Leave out the pictures and restate the rest of the data exactly.

■ Available data
----------

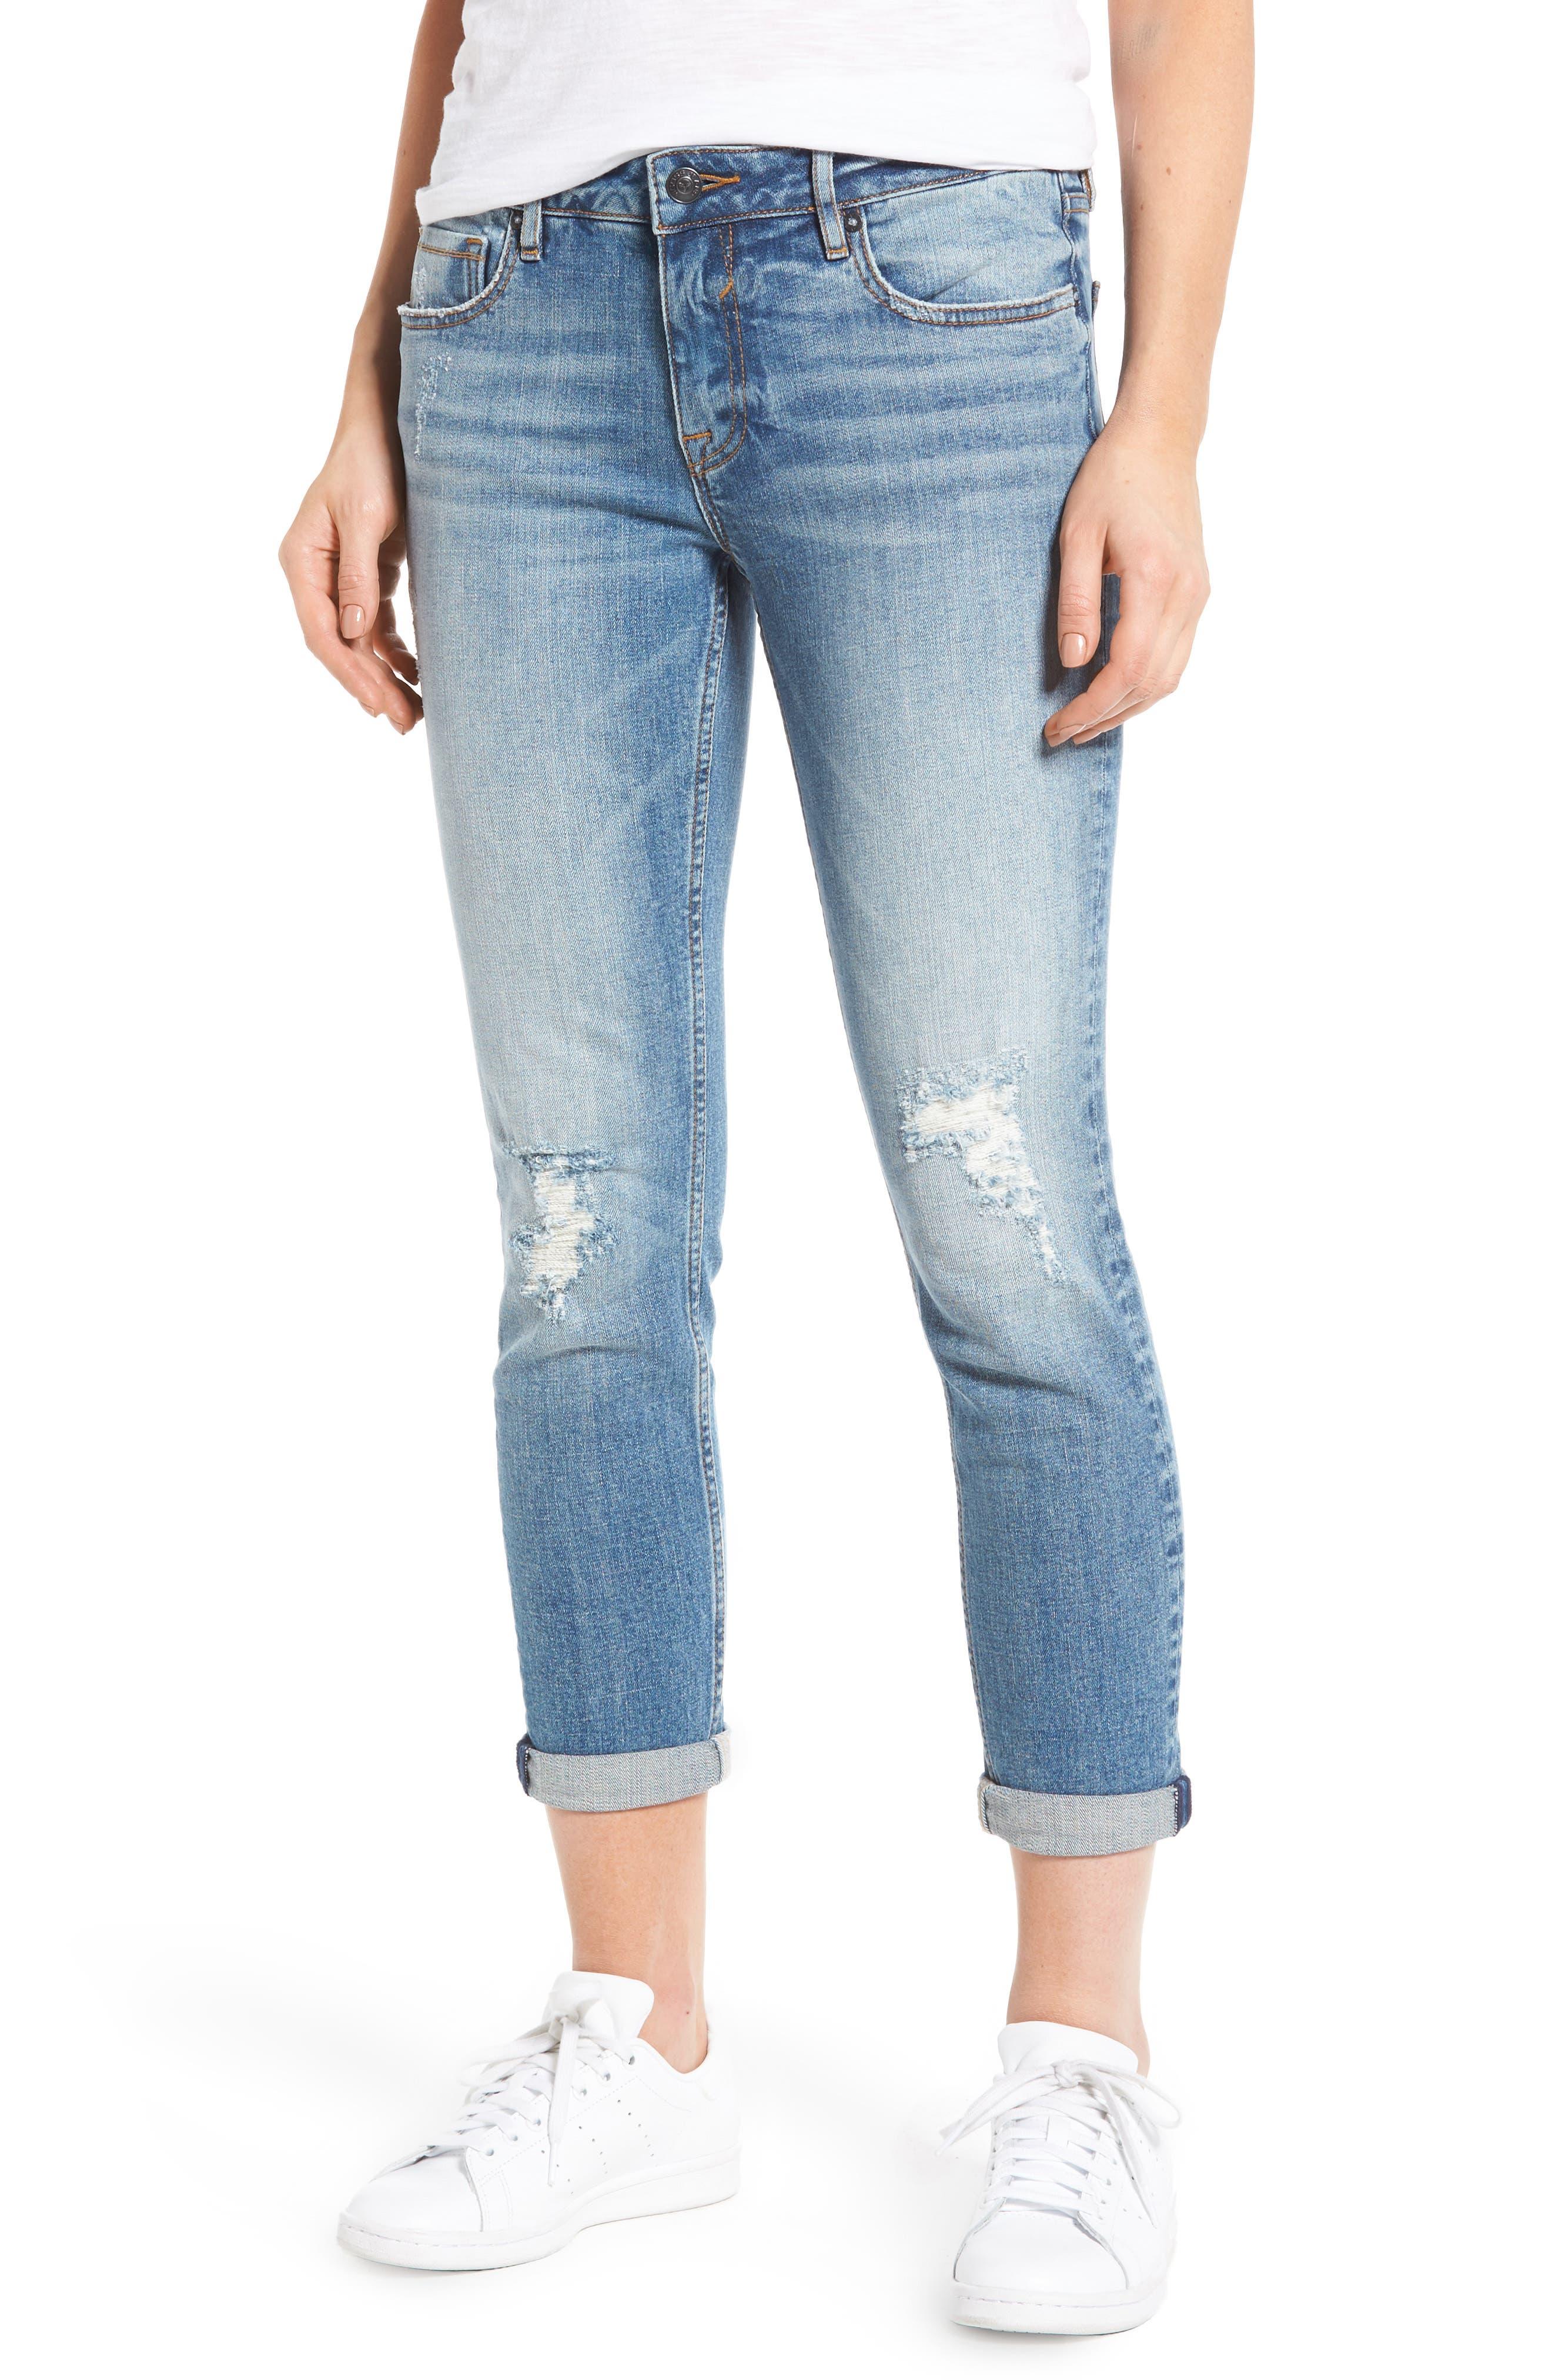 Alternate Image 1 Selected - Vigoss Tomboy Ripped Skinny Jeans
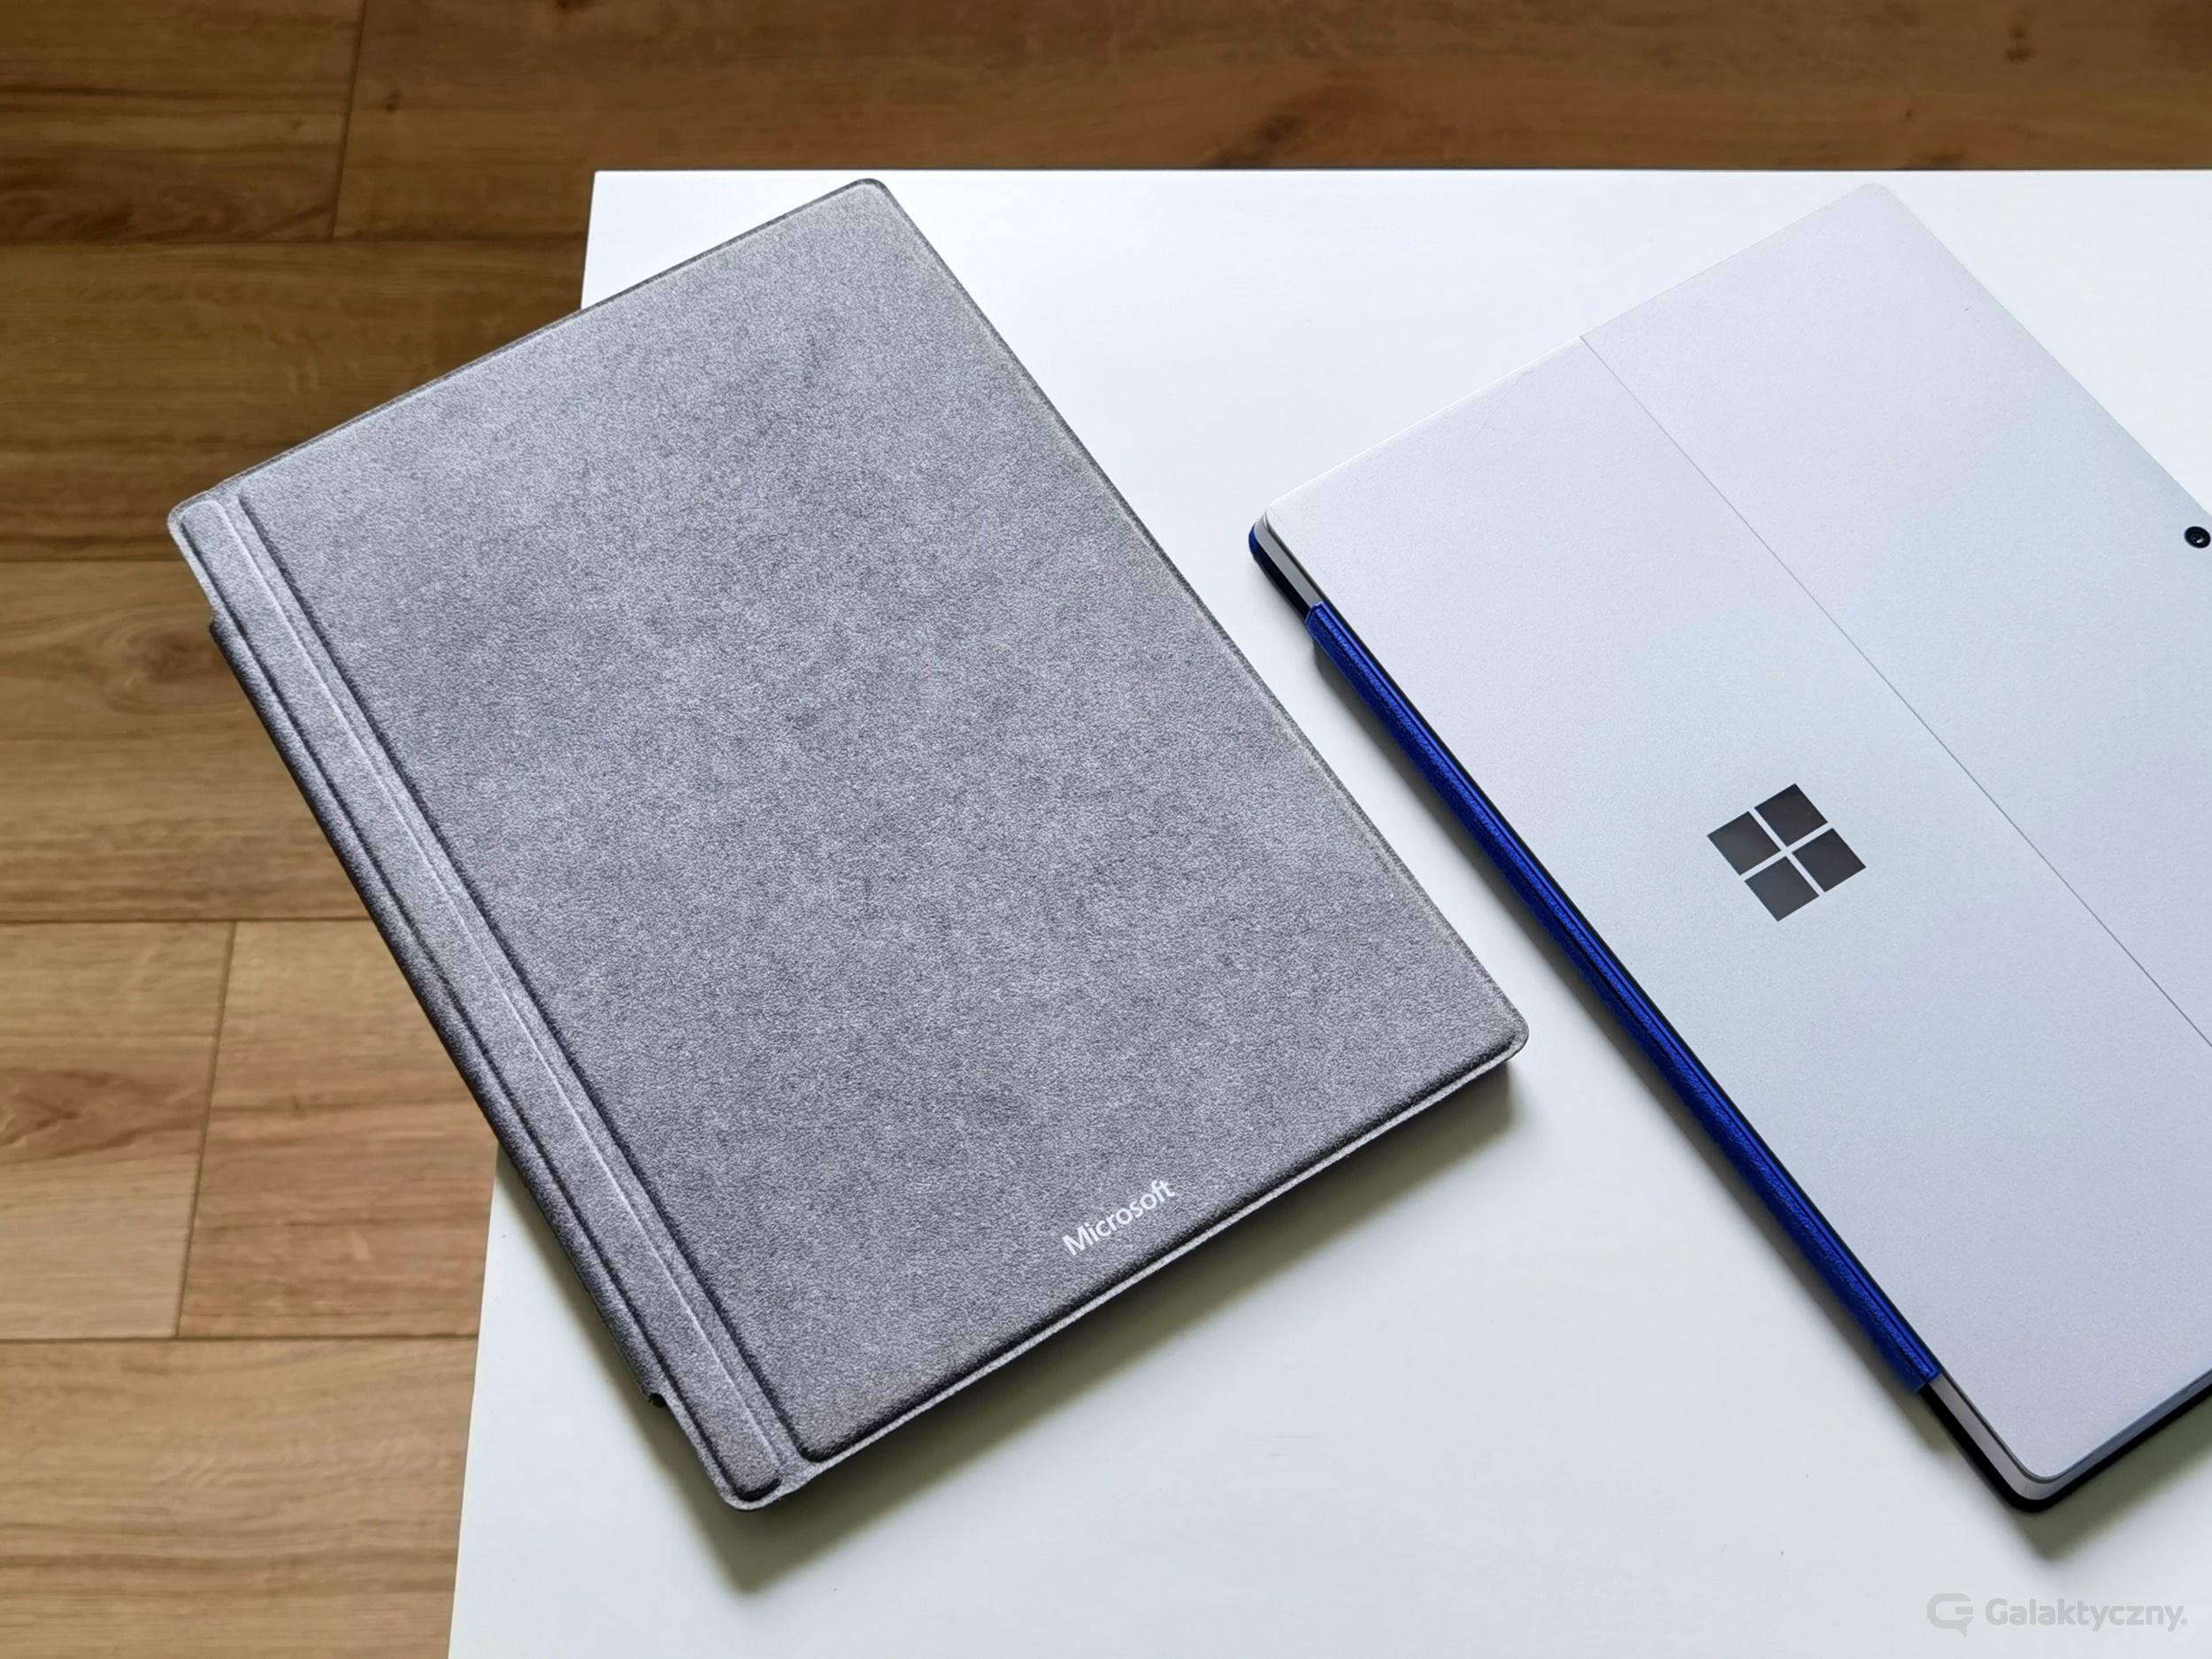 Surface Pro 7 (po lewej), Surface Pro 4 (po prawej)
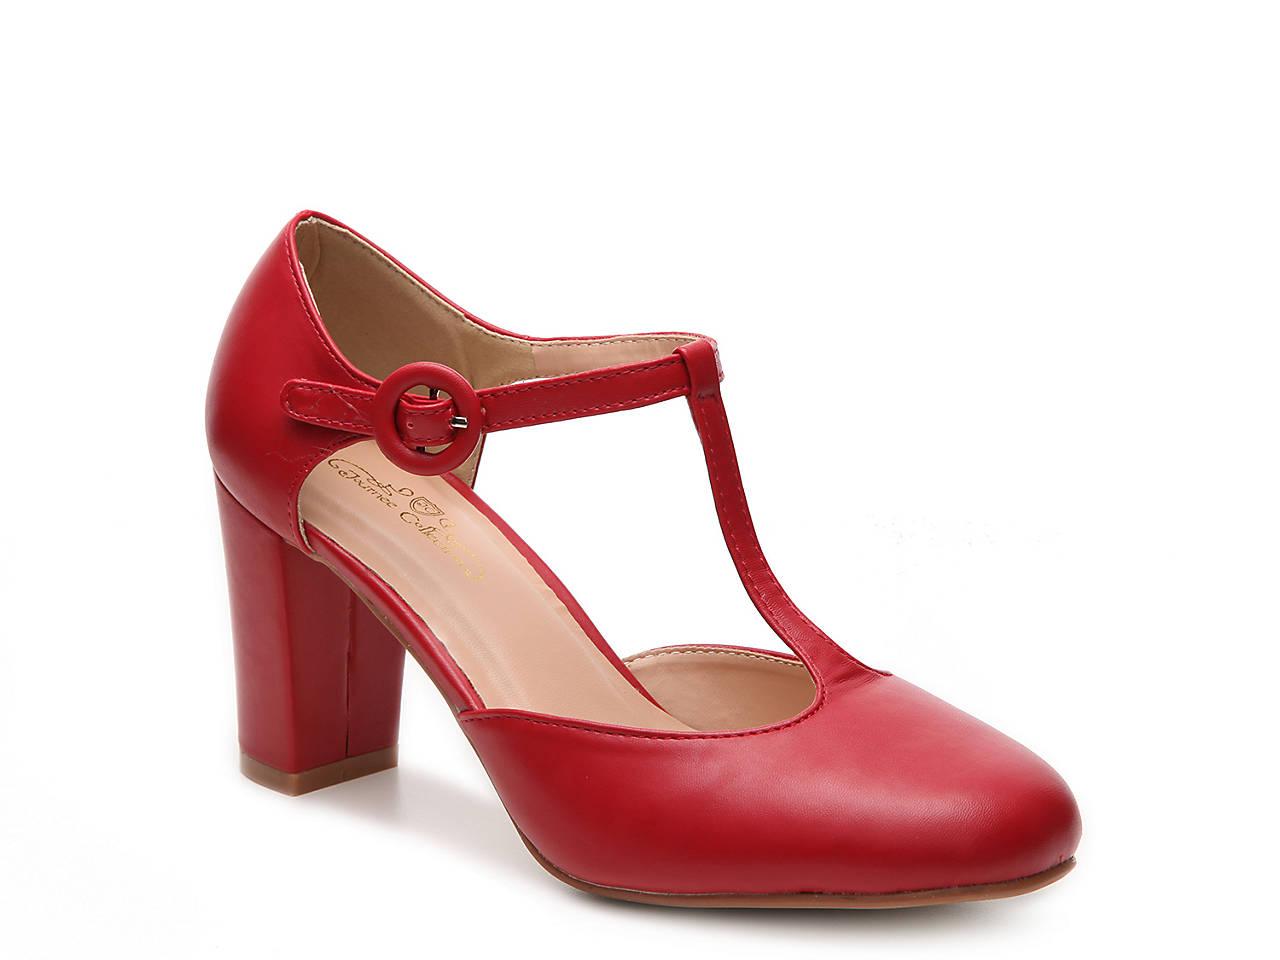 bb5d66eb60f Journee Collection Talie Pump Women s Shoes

----------

■ Result for this exercise
 Alternate Image 1 Selected - Vigoss Tomboy Ripped Skinny Jeans
 Surface Pro 7 (po lewej), Surface Pro 4 (po prawej)
 bb5d66eb60f Journee Collection Talie Pump Women s Shoes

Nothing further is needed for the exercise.